Work instruction:
Every line from the one with "#エンゲージリング #結婚指輪 #マリッジリング」" up to and including the one with "Power Xpert Sayaç HMi" is to be output exactly as it appears below; pictures are not.

Material provided:
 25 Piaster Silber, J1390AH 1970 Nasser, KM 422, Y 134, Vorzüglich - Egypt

==

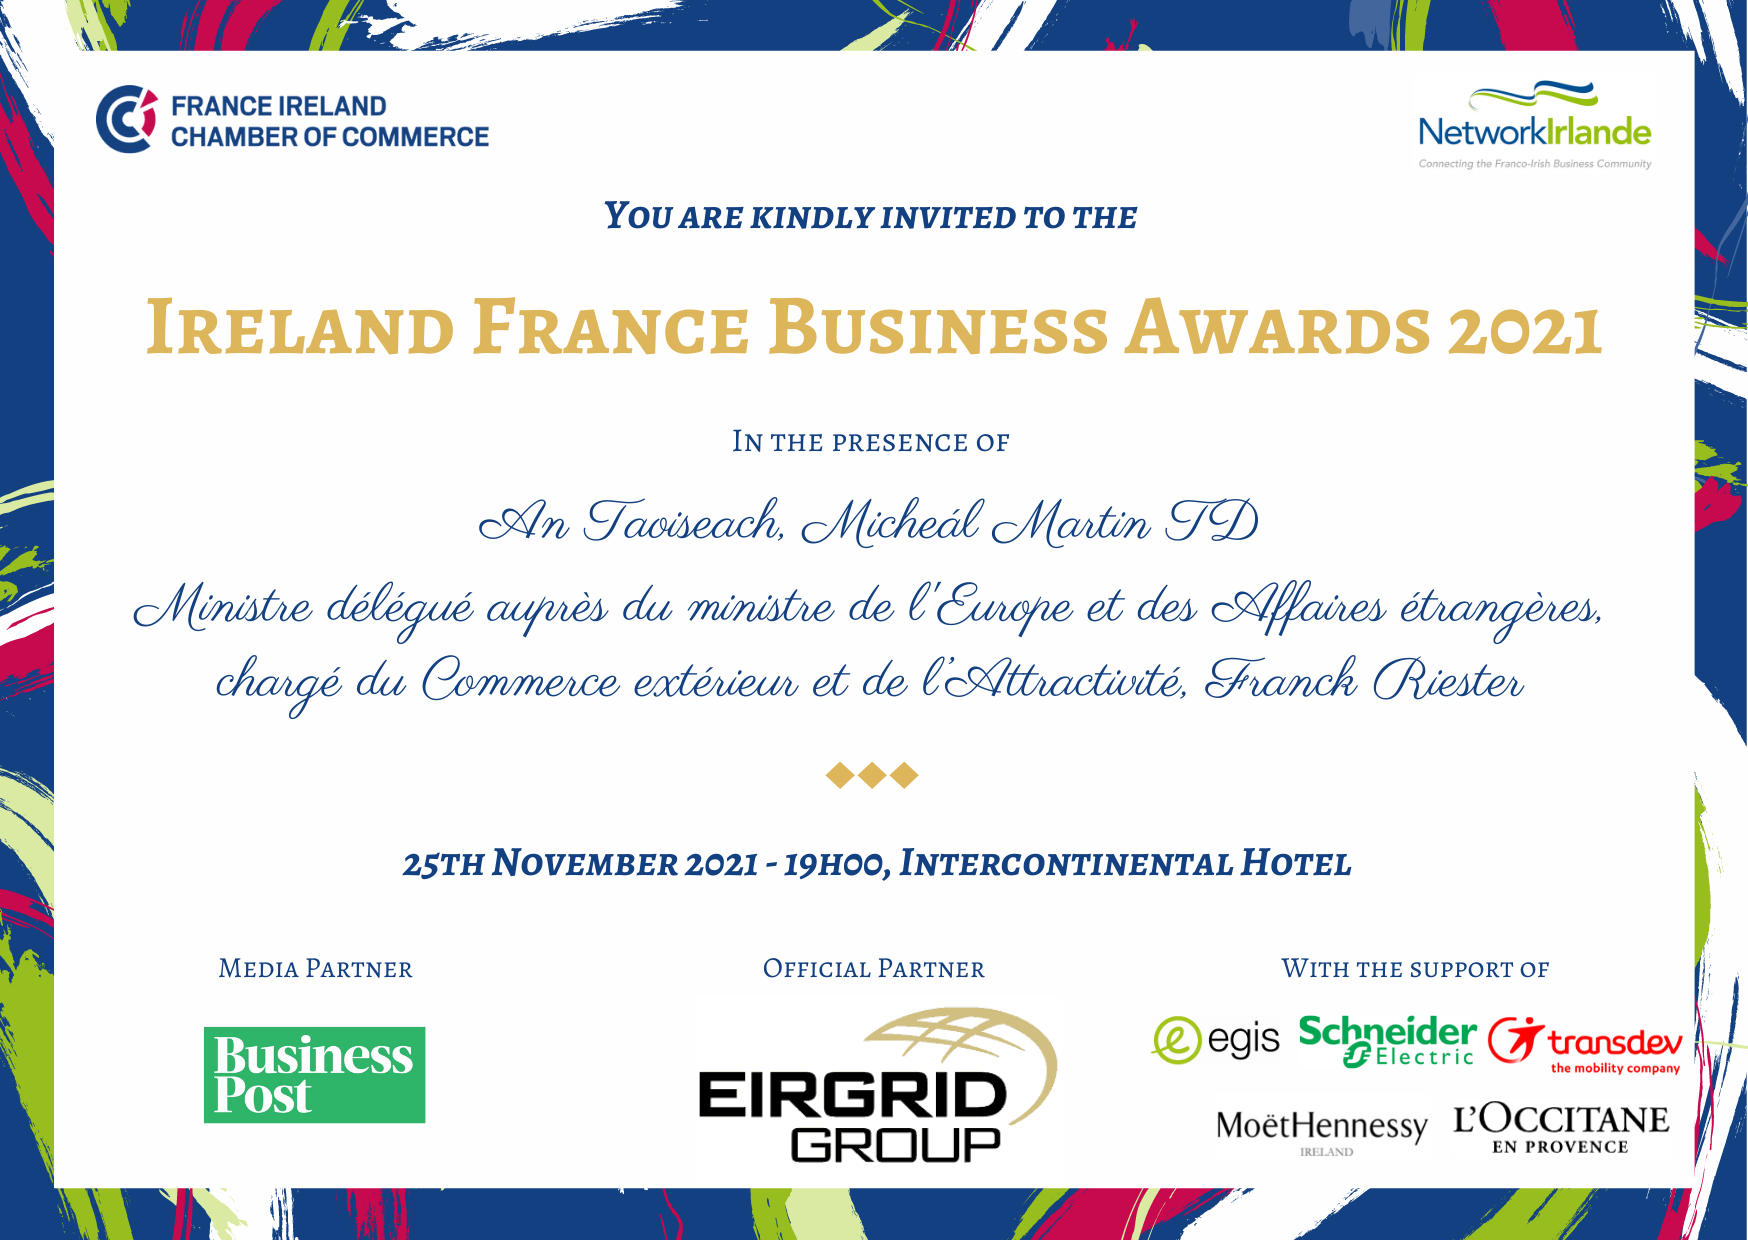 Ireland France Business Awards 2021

--

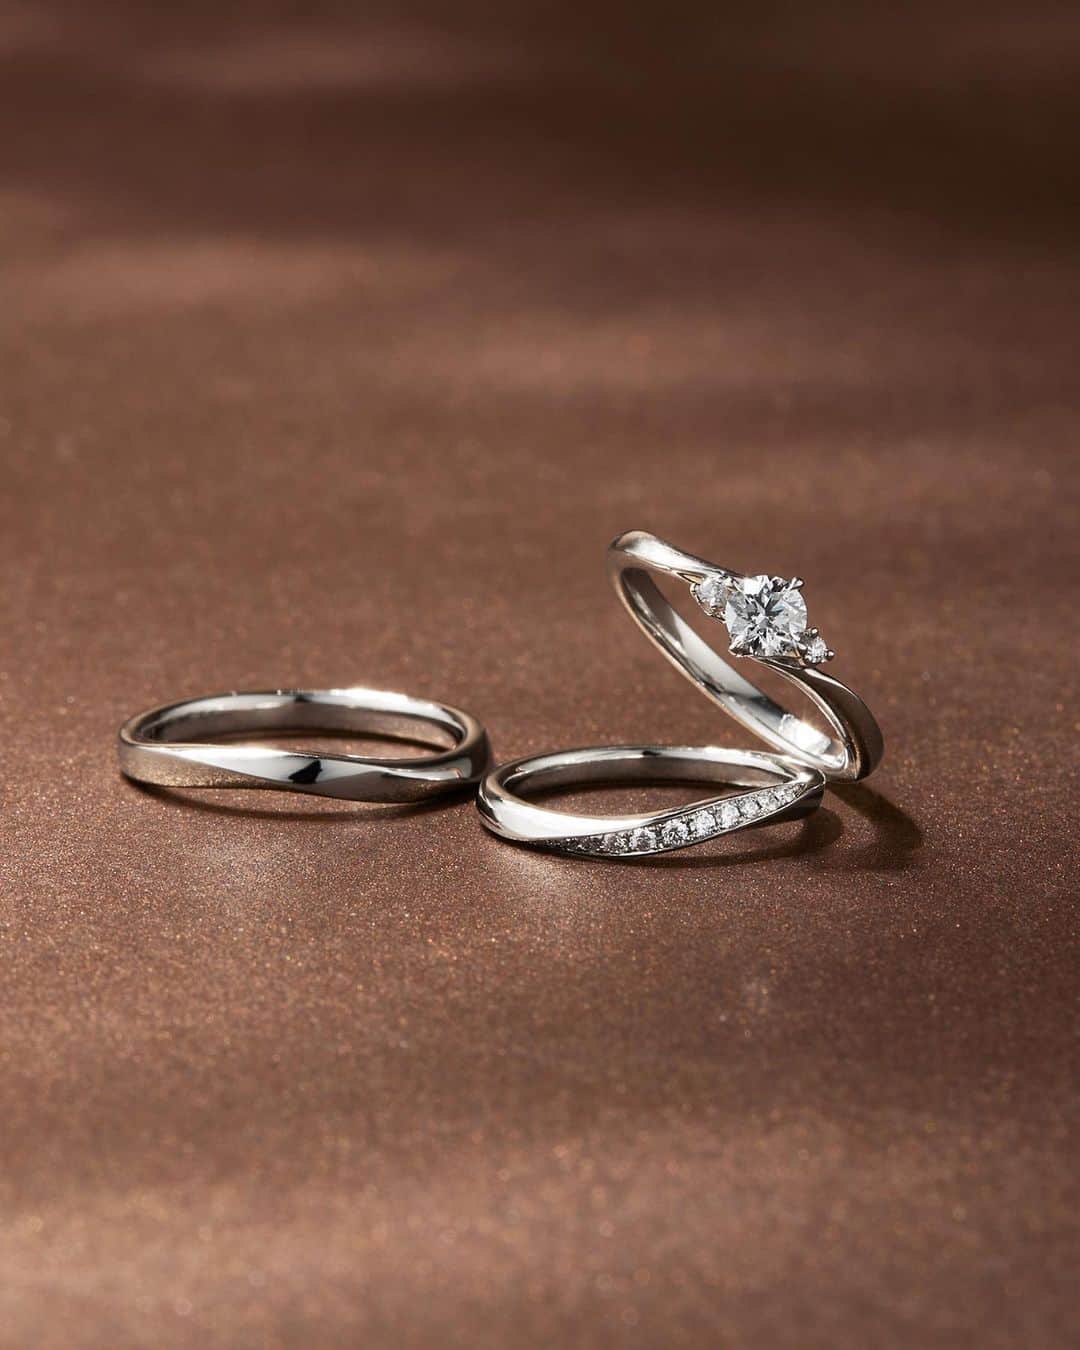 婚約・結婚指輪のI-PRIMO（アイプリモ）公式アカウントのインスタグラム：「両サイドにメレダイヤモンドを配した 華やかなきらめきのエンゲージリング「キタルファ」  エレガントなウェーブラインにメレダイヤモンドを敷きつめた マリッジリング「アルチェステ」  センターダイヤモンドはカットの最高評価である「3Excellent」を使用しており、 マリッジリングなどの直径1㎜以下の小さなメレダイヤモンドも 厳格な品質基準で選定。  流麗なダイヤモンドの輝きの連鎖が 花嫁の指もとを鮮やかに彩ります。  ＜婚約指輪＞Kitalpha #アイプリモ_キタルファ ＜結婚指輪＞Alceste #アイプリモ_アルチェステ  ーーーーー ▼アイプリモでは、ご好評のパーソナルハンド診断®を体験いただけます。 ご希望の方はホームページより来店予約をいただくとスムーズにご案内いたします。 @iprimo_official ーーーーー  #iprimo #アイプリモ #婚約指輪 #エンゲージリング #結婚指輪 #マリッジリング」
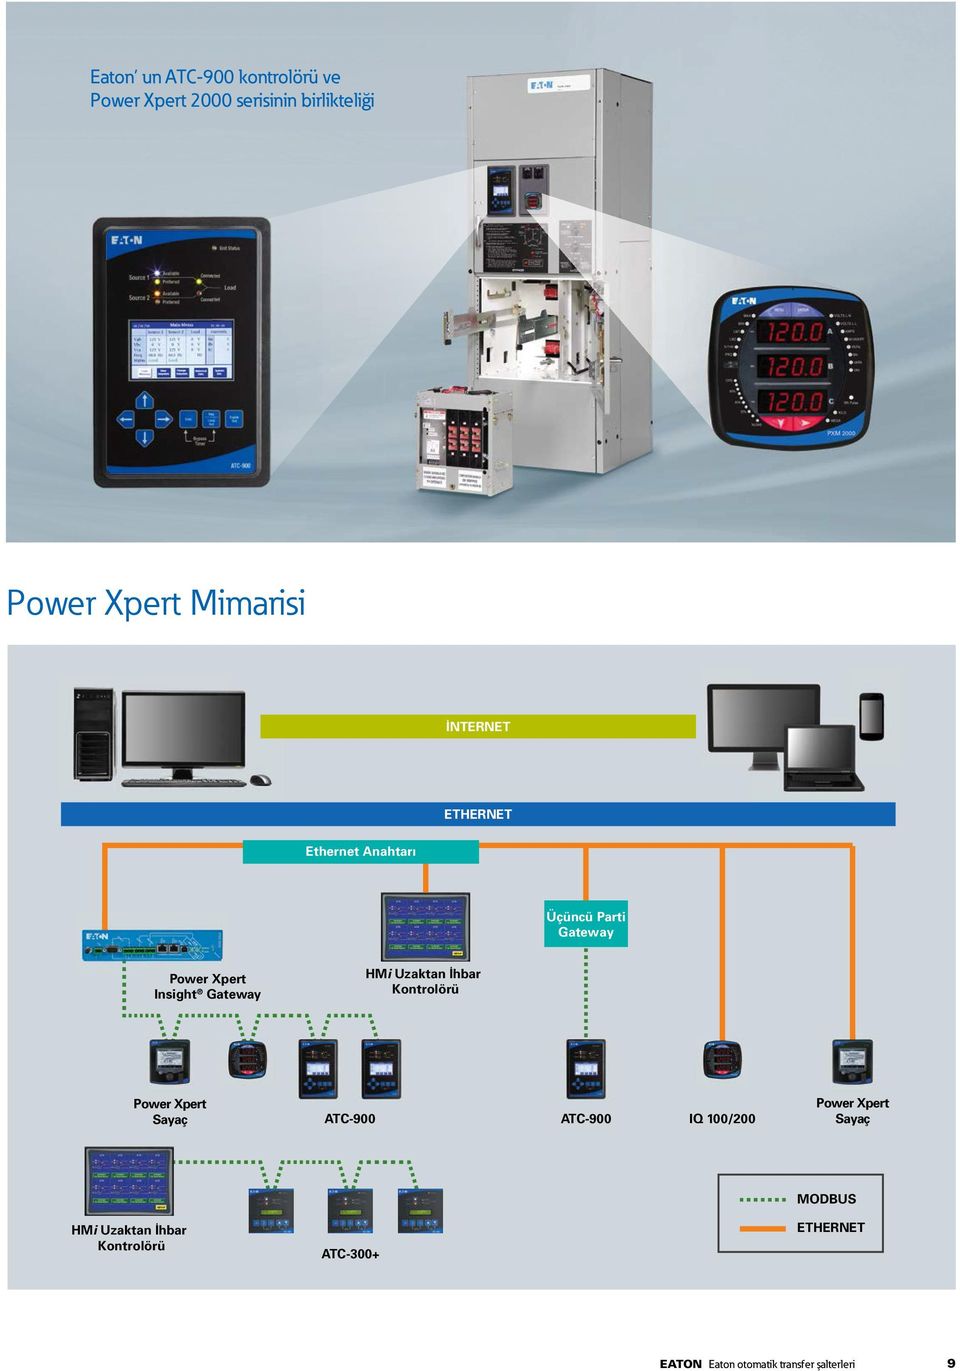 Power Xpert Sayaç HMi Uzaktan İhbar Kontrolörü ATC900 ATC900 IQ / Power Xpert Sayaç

Solved exercise:
 婚約・結婚指輪のI-PRIMO（アイプリモ）公式アカウントのインスタグラム：「両サイドにメレダイヤモンドを配した 華やかなきらめきのエンゲージリング「キタルファ」  エレガントなウェーブラインにメレダイヤモンドを敷きつめた マリッジリング「アルチェステ」  センターダイヤモンドはカットの最高評価である「3Excellent」を使用しており、 マリッジリングなどの直径1㎜以下の小さなメレダイヤモンドも 厳格な品質基準で選定。  流麗なダイヤモンドの輝きの連鎖が 花嫁の指もとを鮮やかに彩ります。  ＜婚約指輪＞Kitalpha #アイプリモ_キタルファ ＜結婚指輪＞Alceste #アイプリモ_アルチェステ  ーーーーー ▼アイプリモでは、ご好評のパーソナルハンド診断®を体験いただけます。 ご希望の方はホームページより来店予約をいただくとスムーズにご案内いたします。 @iprimo_official ーーーーー  #iprimo #アイプリモ #婚約指輪 #エンゲージリング #結婚指輪 #マリッジリング」
 Power Xpert Sayaç HMi Uzaktan İhbar Kontrolörü ATC900 ATC900 IQ / Power Xpert Sayaç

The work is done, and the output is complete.